Dataset extract -

§ §

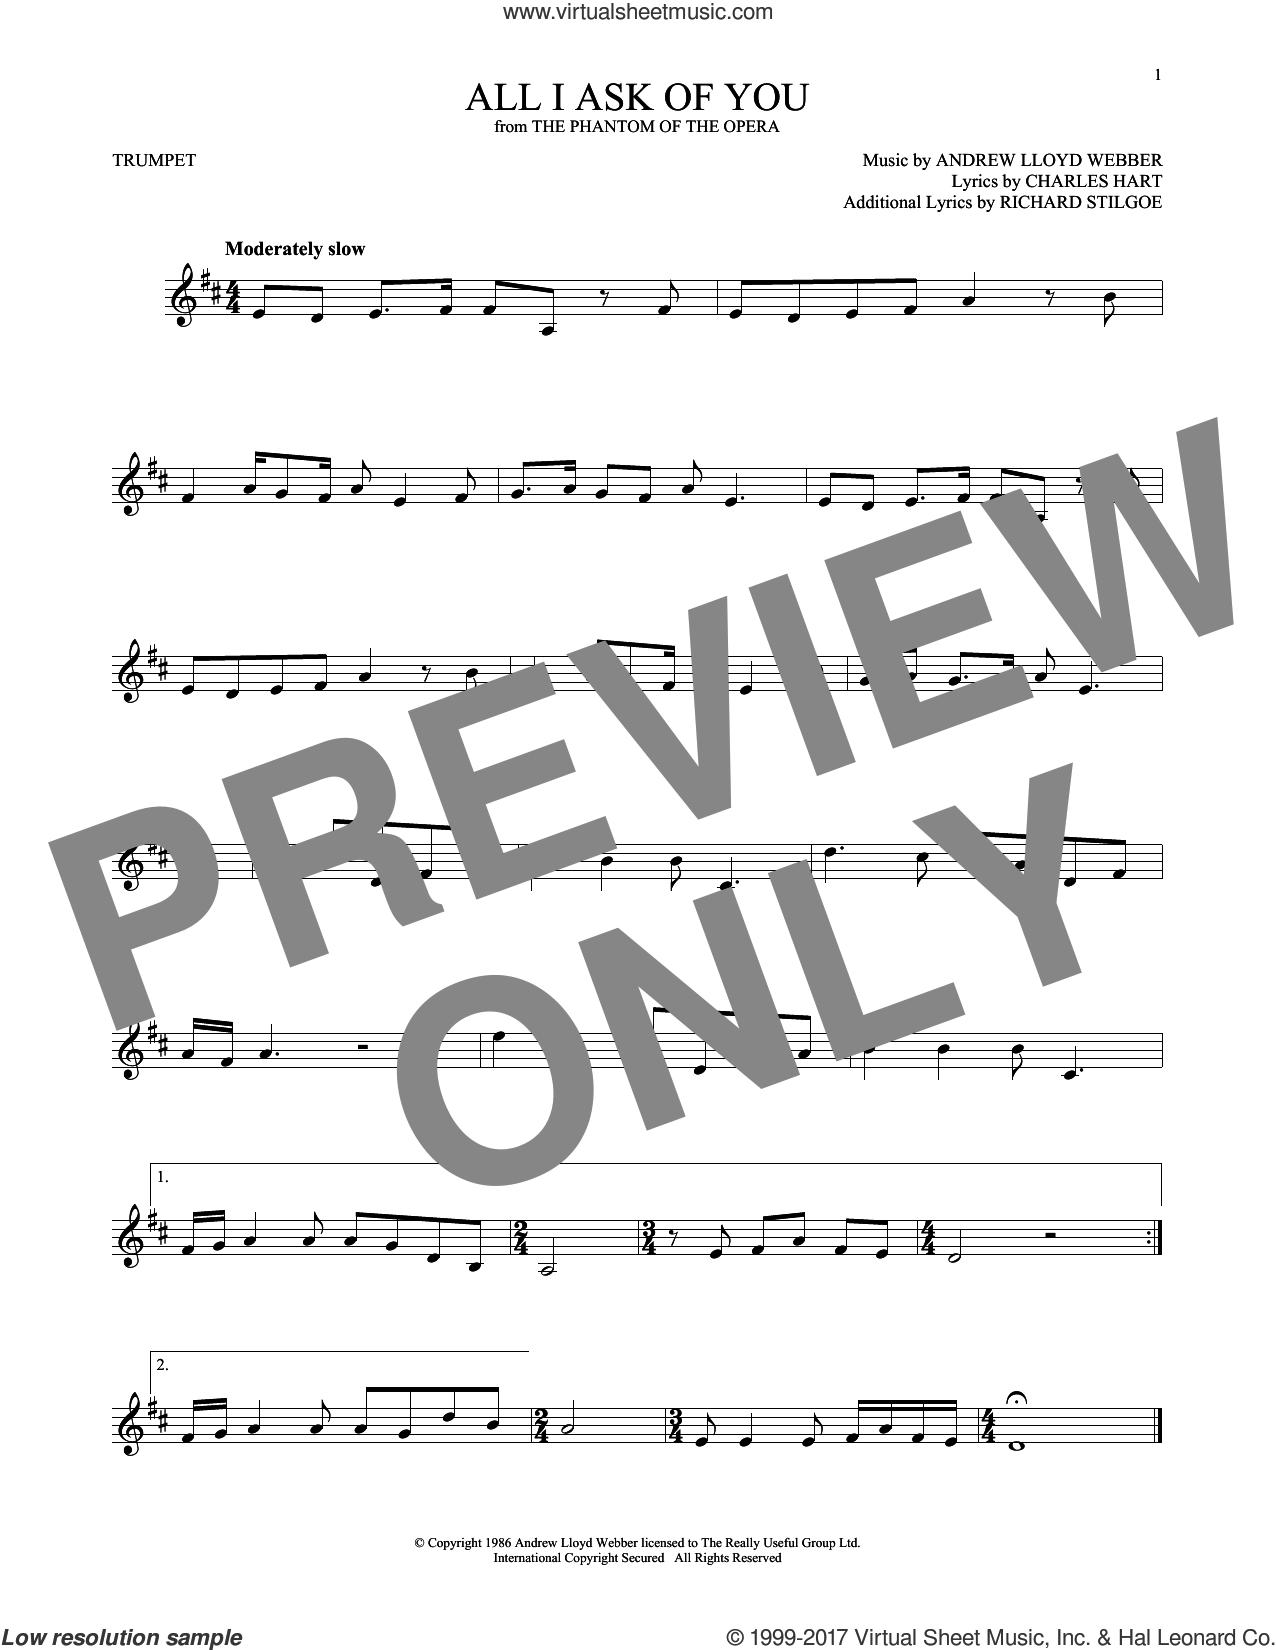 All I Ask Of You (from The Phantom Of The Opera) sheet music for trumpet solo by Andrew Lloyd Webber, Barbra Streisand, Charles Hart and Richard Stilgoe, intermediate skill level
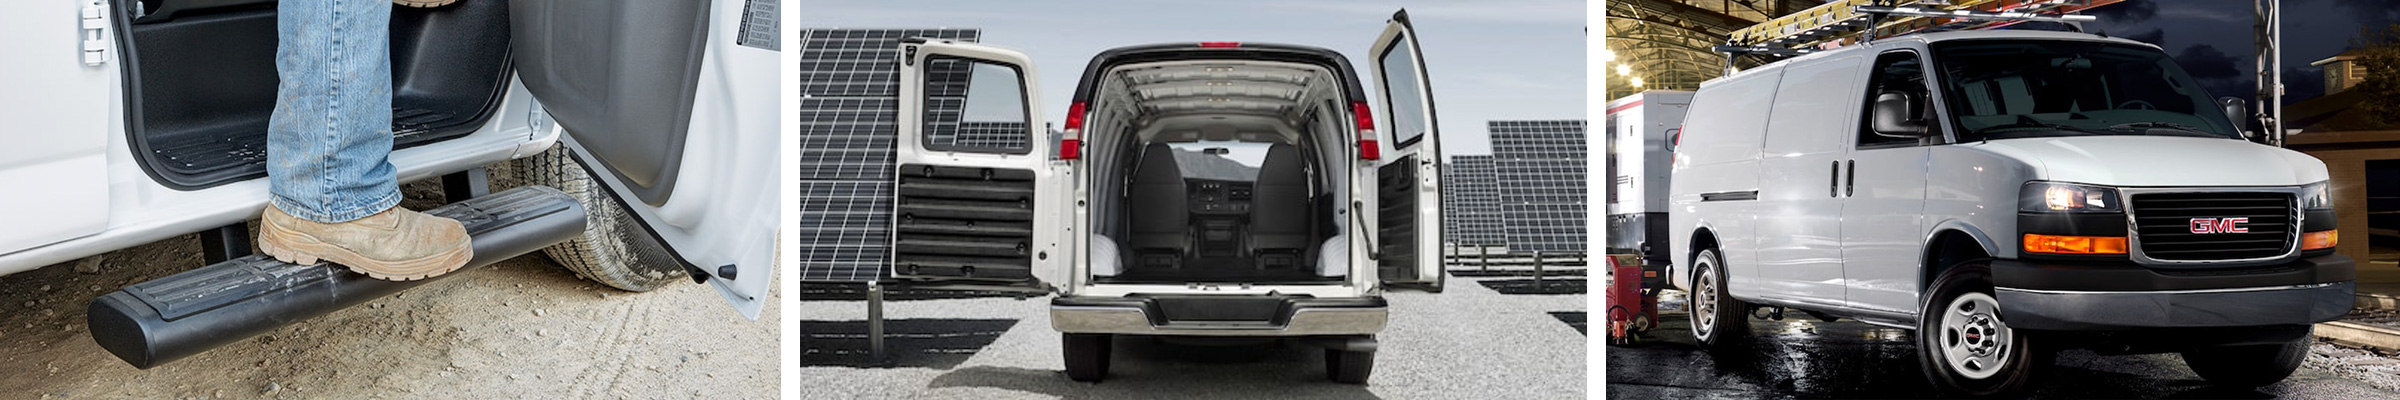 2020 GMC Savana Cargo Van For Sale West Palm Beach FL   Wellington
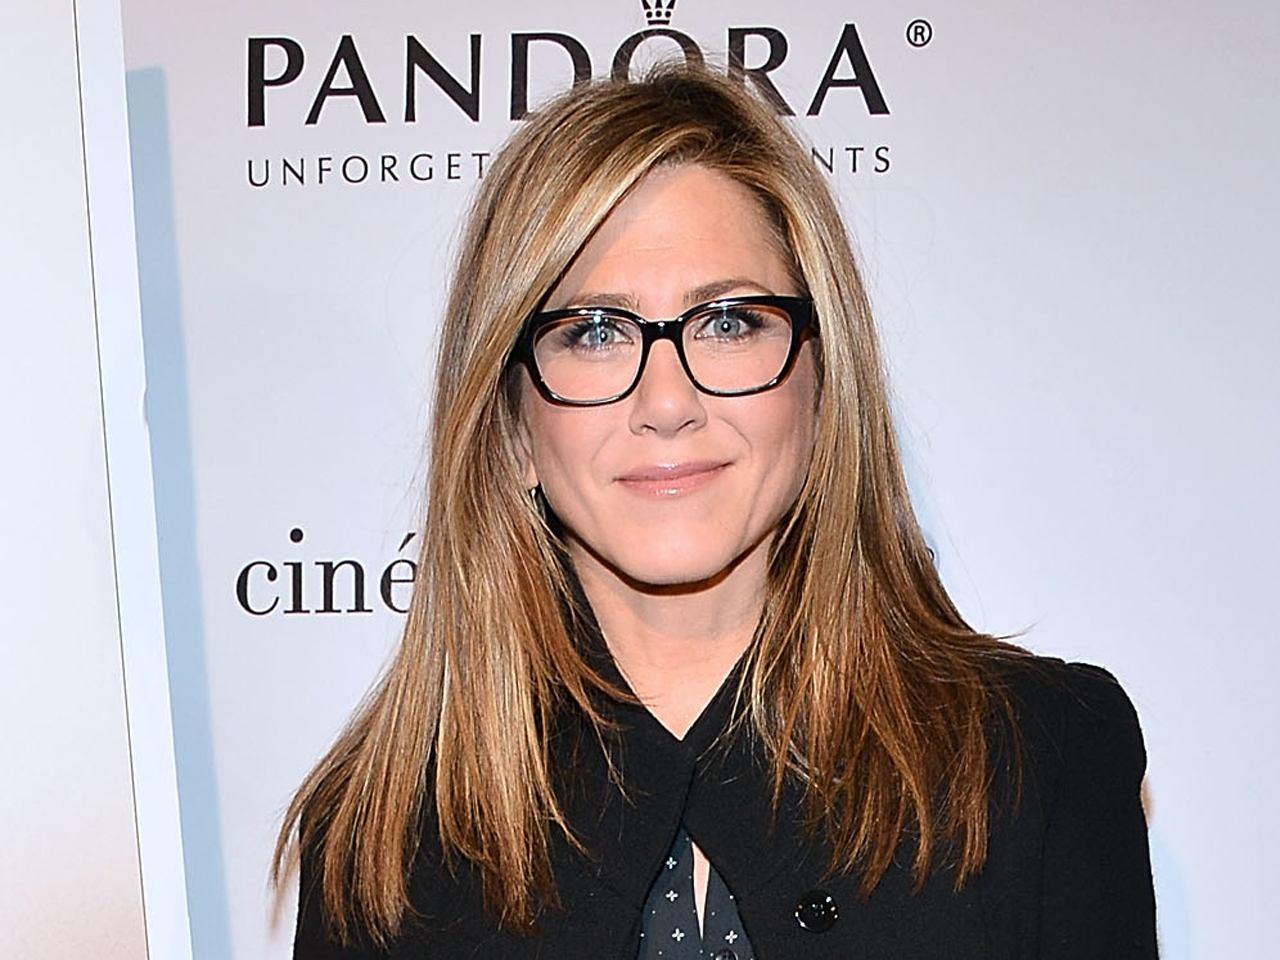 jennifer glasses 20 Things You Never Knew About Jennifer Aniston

§ §

What this task involves - The listing above must be retyped word for word, without the pictures.

Solution below -
 All I Ask Of You (from The Phantom Of The Opera) sheet music for trumpet solo by Andrew Lloyd Webber, Barbra Streisand, Charles Hart and Richard Stilgoe, intermediate skill level
 2020 GMC Savana Cargo Van For Sale West Palm Beach FL   Wellington
 jennifer glasses 20 Things You Never Knew About Jennifer Aniston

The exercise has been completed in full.